LOUIS: Hah. Reaganite heartless macho asshole lawyers.
JOE: Oh, that's unfair.
LOUIS: What is? Heartless? Macho? Reaganite? Lawyer?
JOE: I voted for Reagan.
LOUIS: You did?
JOE: Twice.
LOUIS: Twice? Well, oh boy. A Gay Republican.
JOE: Excuse me?
LOUIS: Nothing.
JOE: I'm not...
Forget it.
LOUIS: Republican? Not Republican? Or…
JOE: What?
LOUIS: What?
JOE: Not gay. I'm not gay.
LOUIS: Oh. Sorry.
(Blows his nose loudly) It’s just…
JOE: Yes?
LOUIS: Well, Sometimes you can tell from the way a person sounds that...I mean you sound like a …
JOE: No I don’t. Like what?
LOUIS: Like a Republican.
(Little pause. Joe knows he’s being teased; Louis knows he knows. Joe decides to be a little brave)
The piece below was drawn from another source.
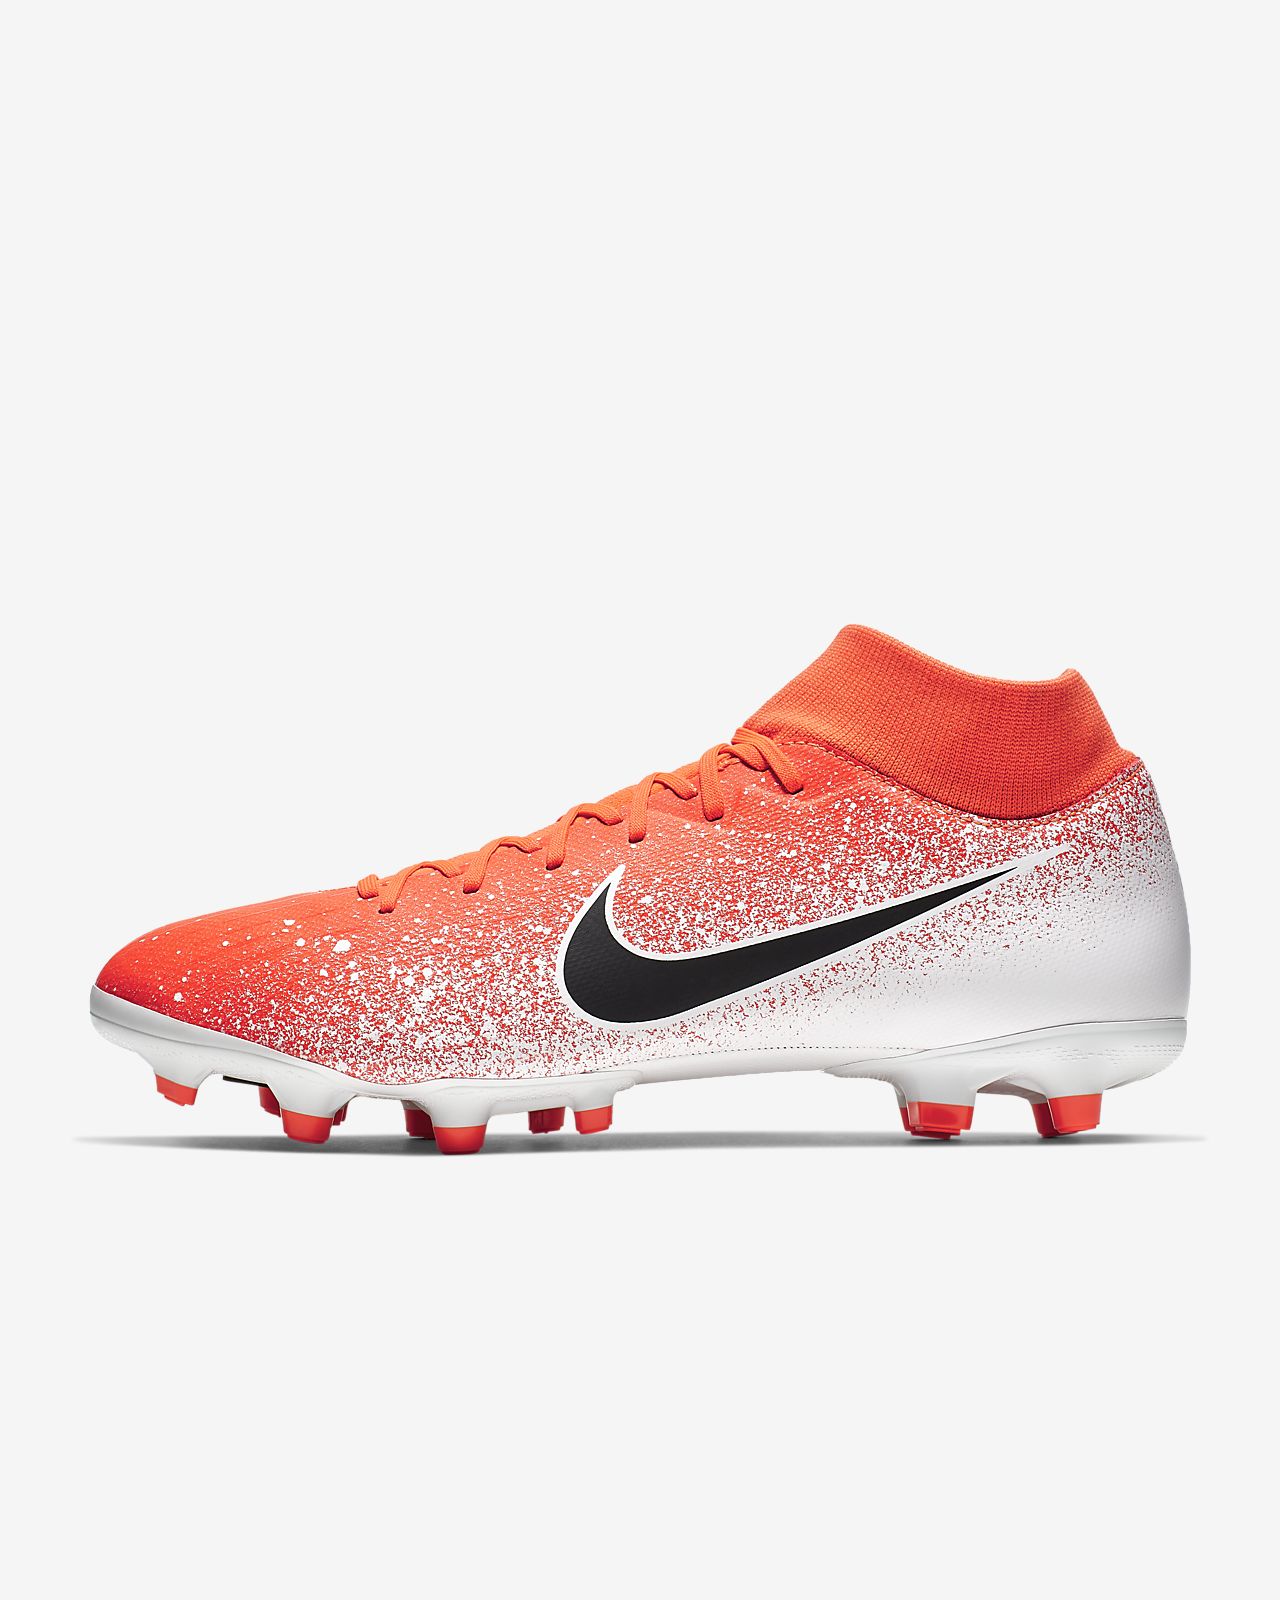 nike mercurial superfly 6 club mg soccer cleats review

JOE (Making sure no one is around): Do I? Sound like a…?
LOUIS: What? Like a…? Republican, or…? Do I?
JOE: Do you what?
LOUIS: Sound like a…?
JOE: Like a…?
I’m...confused.
Louis: Yes.
My name is Louis. But all my friends call me Louise.
I work in Word Processing. Thanks for the toilet paper.
(Louis offers Joe his hand, Joe reaches, Louis feints and pecks Joe on the cheek, then exits.)